-- Input records follows --

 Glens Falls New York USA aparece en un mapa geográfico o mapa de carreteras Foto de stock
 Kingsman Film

-- Input records concluded --
-- Input records follows --

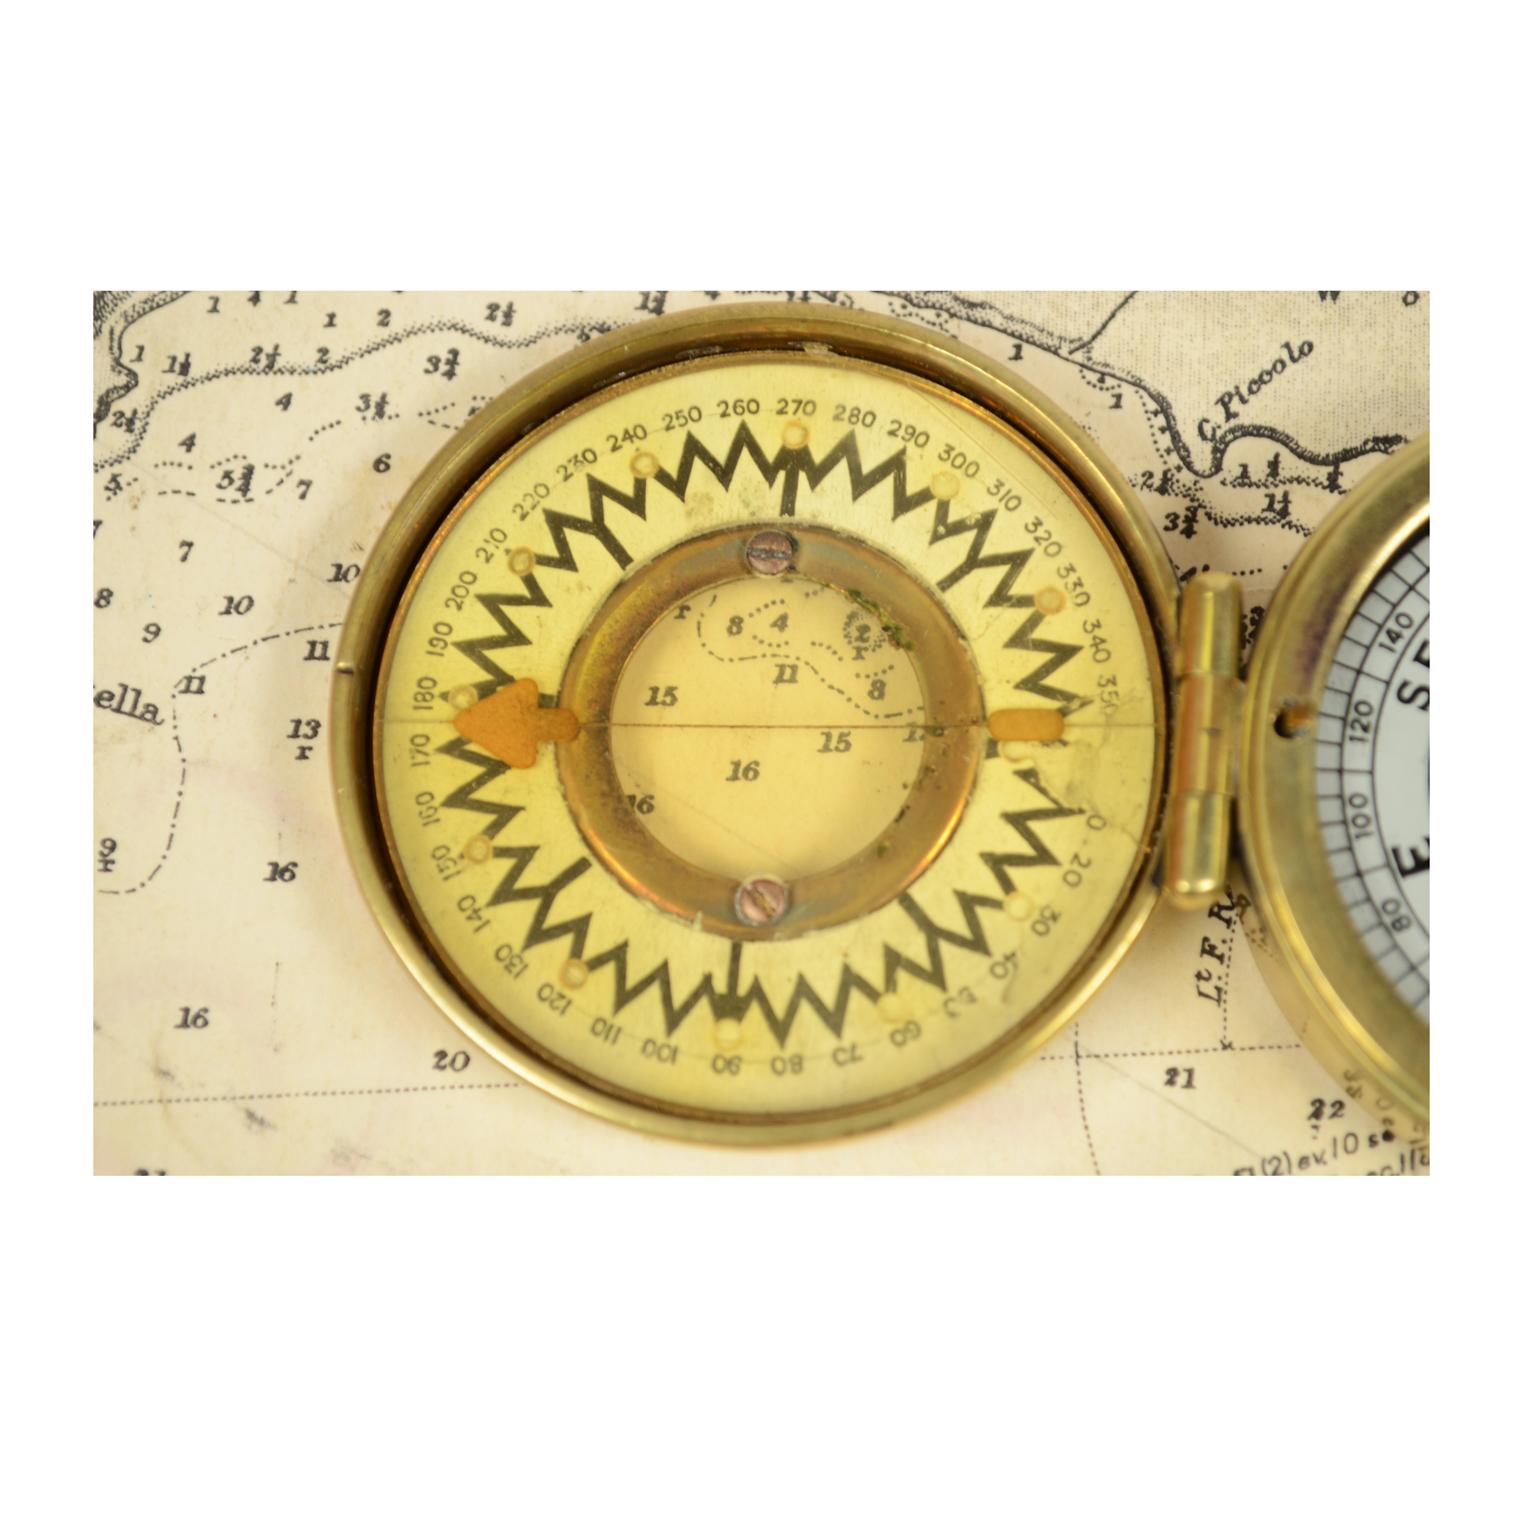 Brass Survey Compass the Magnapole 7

-- Input records concluded --

• **Assignment**
The lines above from the one containing "Glens Falls New" through the one containing "Kingsman Film" are to be set down exactly, and no others.

• **Task result**
 Glens Falls New York USA aparece en un mapa geográfico o mapa de carreteras Foto de stock
 Kingsman Film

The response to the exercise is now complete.